言葉の泉

一粒の種から言の葉が茂ることを願って。

七夕や髪濡れしまま

2009年07月07日 | 詩歌に寄せるエッセイ
明日は七夕。

 こんな句がある。
    七夕や髪濡れしまま人に逢ふ
          (橋本多佳子『橋本多佳子句集』(角川文庫)より)

 これは女流俳人の橋本多佳子の作。
 洗い髪が乾かぬまま恋しい人のところへ行くという逢瀬のひと時を歌ったものかと思ったらそうではないらしい。

 七夕は「秋」の季語。 

七夕は陰暦ではすでに8月の半ばに当たり、立秋を過ぎている頃である。
これは夫を亡くして久しい作者が初秋のころ、洗い髪のまま人に逢うくらい平気になった境地を歌ったもの。

橋本多佳子(明治23年~昭和38年)


橋本多佳子、美女の誉れたかい高貴の未亡人.

明治32年、東京本郷に生まれる。祖父は琴の山田流家元、父は役人。
同44年、菊坂女子美術学校日本画科に入学するも病弱のために中退。大正3年、琴の奥許(おうきょ)を受ける。

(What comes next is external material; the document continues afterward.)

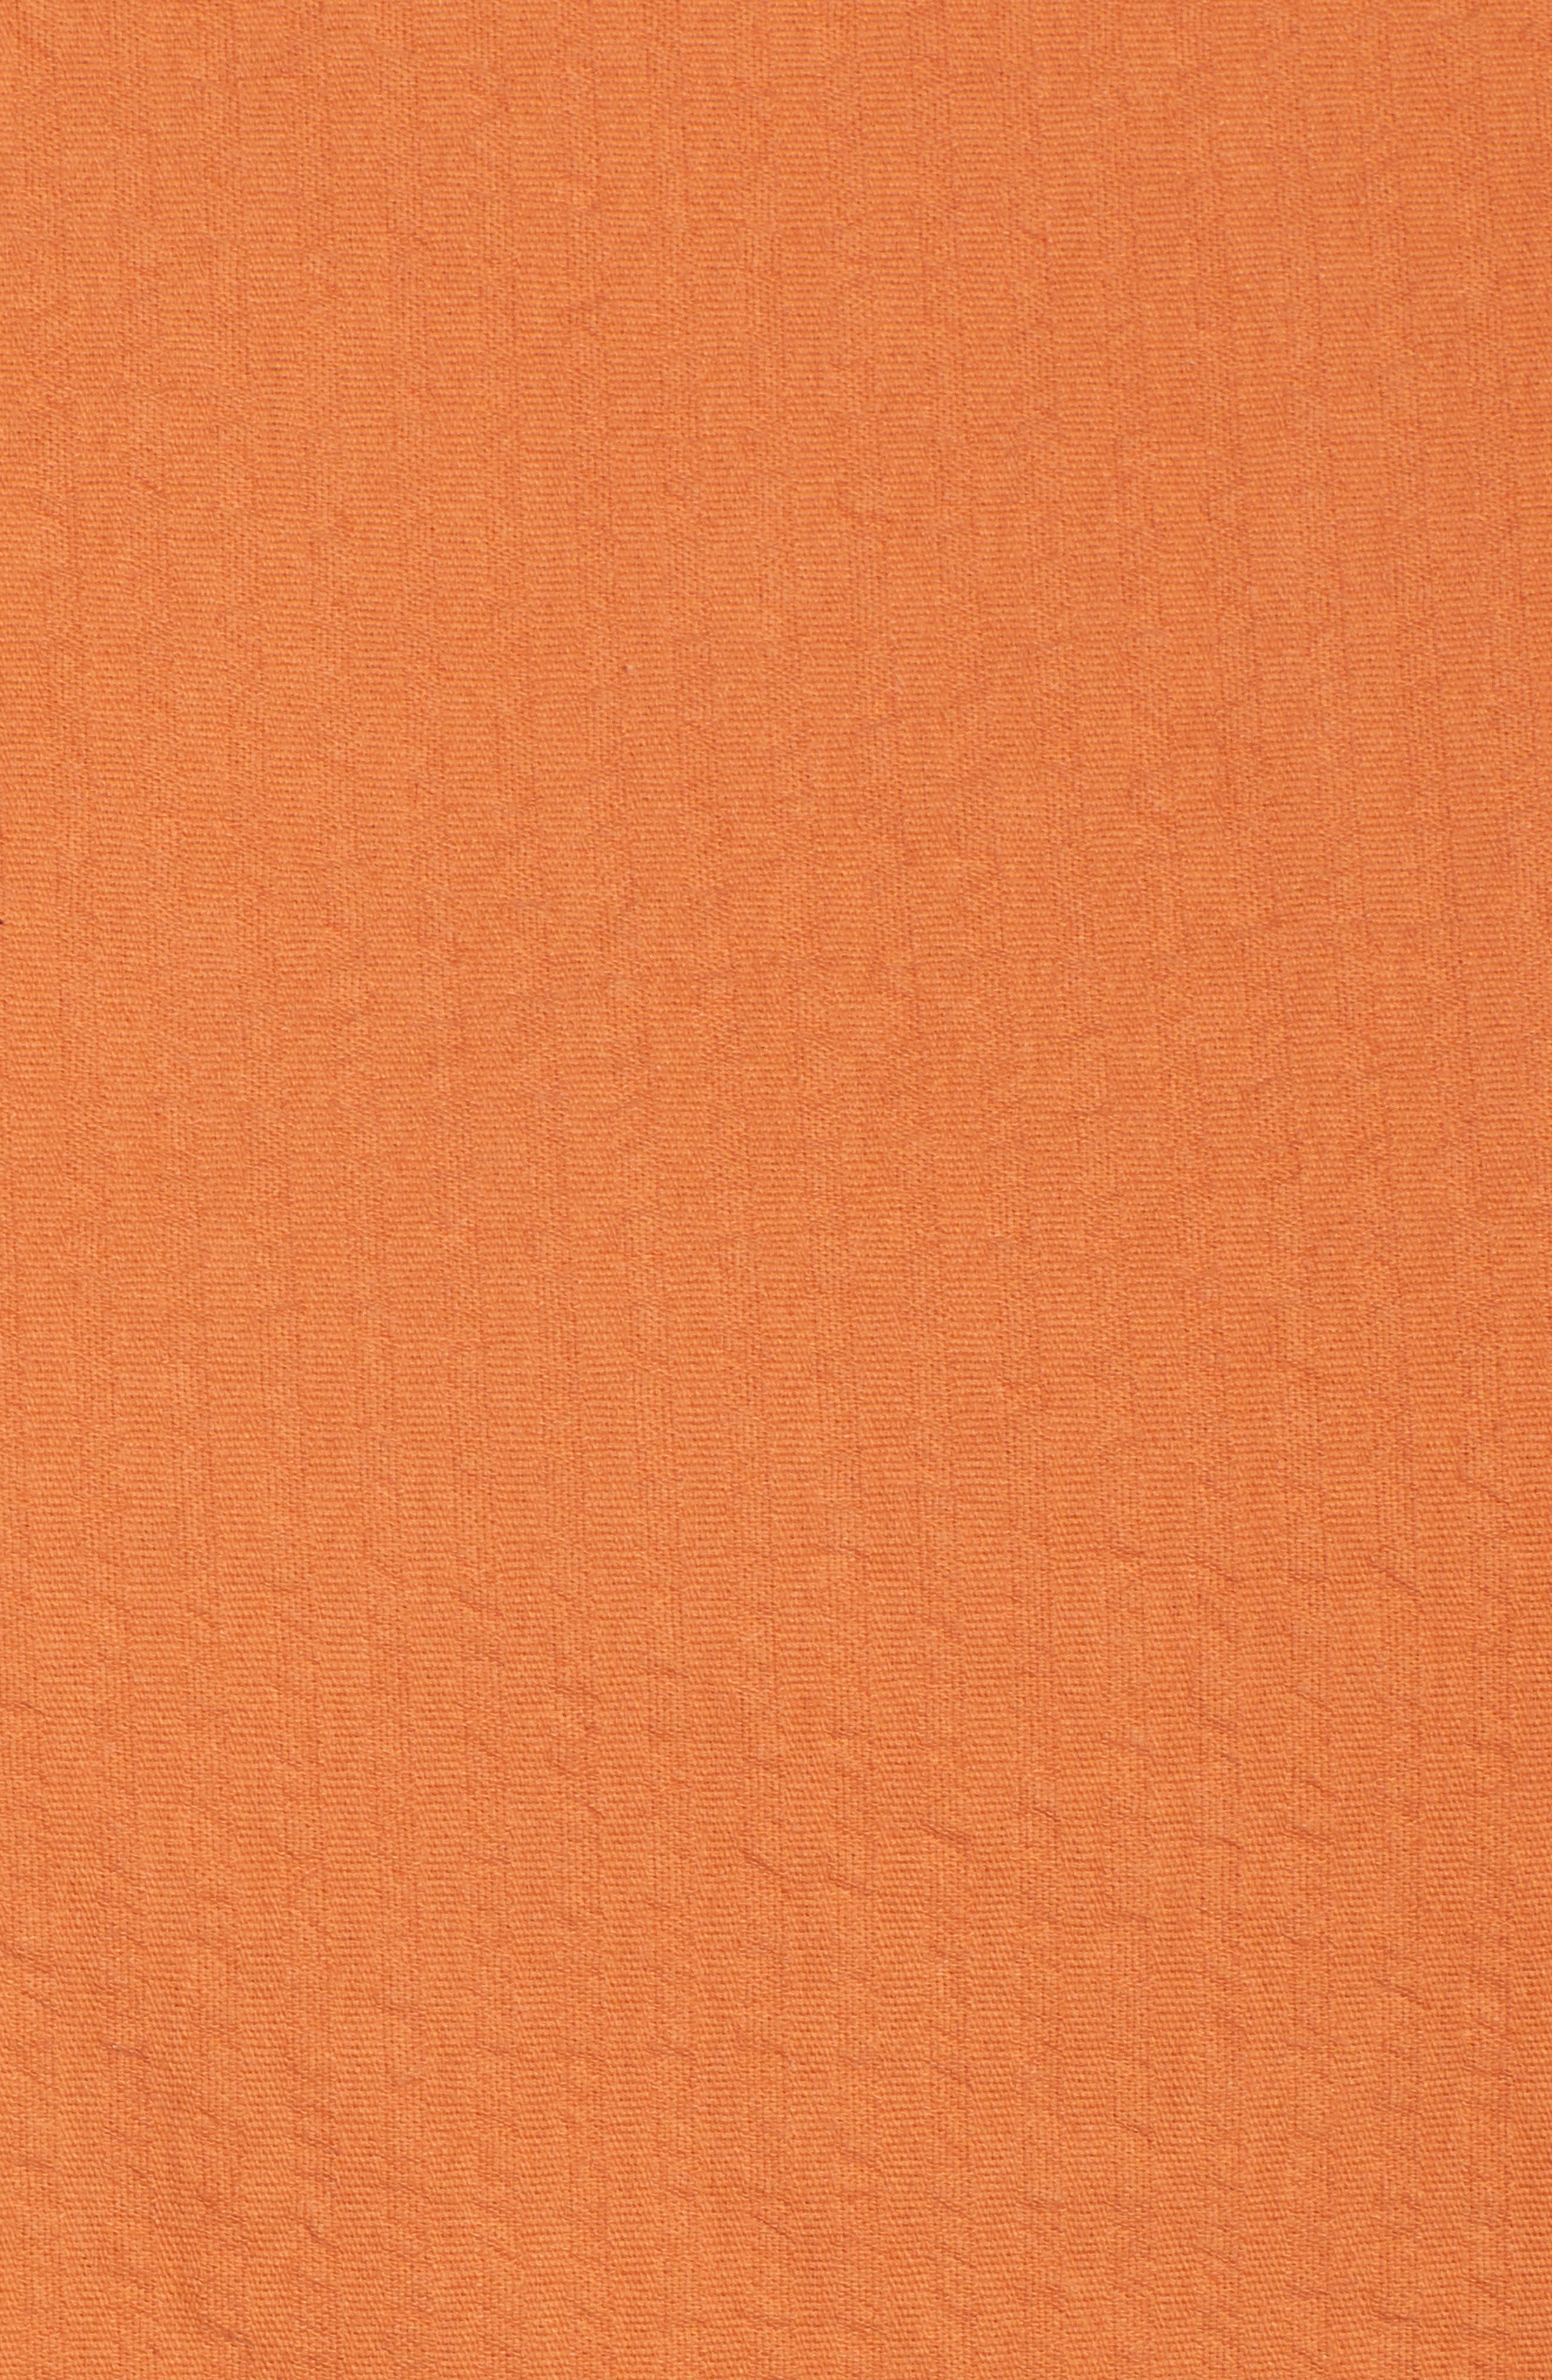 Seersucker Ruffle Top,                             Alternate thumbnail 6, color,                             235

大正6年、18歳で橋本豊次郎と結婚。豊次郎は大阪船場の商家の次男で若くして渡米し、土木建築学を学んで帰国、財を成した実業家。ロマンチストで、芸術にも深い造詣があった。結婚記念に大分農場(10万坪)を拓(ひら)き経営。
結婚記念に大分農場(十万坪)を拓き経営。九年、小倉市中原(現、北九州市小倉北区)に豊次郎設計の三階建て、和洋折衷の西洋館「櫓山荘」を新築。山荘は小倉の文化サロンとなり、中央から著名な文化人が多く訪れる。
 十一年、高浜虚子を迎えて俳句会を開催。このとき接待役の多佳子が、暖炉の上の花瓶から落ちた椿の花を拾い、焔に投げ入れた。それを目にした虚子はすかさず一句を作って示すのだ。「落椿投げて暖炉の火の上に」。この一事で俳句に興味を覚える。これより同句会に参加していた小倉在住の杉田久女の指導を受けて、やがて「アララギ」他の雑詠に投稿する。
 昭和四年、小倉より大阪帝塚山に移住。終生の師山口誓子に出会い、作句に励む。私生活では理解ある夫との間に四人の娘に恵まれる。まったく絵に描いたような幸せな暮らしぶり。しかし突然夫は他界する不幸が訪れた。

  月光にいのち死にゆくひとと寝る

夫婦仲がよかったものの片割れが亡くなるということは身を引きちがれるようなことだ。

    雪はげし夫の手のほか知らず死ぬ

 狂おしいばかりに夫を恋したう妻の歌だ。

 七夕の夕、橋本多佳子の句

 七夕や髪濡れしまま人に逢ふ

 に思いを馳せてみたが、ここでの七夕は何と陰暦の七夕。すでに立秋を越えた頃のことだったとは・・・。
 しかし、織姫と彦星は一年に一回はあえるけれど、この世とあの世あいだにある三途の川は越えることができない橋本多佳子の思いの壮絶は句によって昇華されて読者の胸を打つのである。

 文藝というものの美しさに感動する。
 短歌の世界では現代短歌のあり方や文化の継承について、また古くからの歌人の歌を賞味期限切れなどと言ってみたり、なにかとかまびすしいようだけれど、こうして実際美しく胸を打つ作品に触れるとそんな論議など無用なことのように思われる。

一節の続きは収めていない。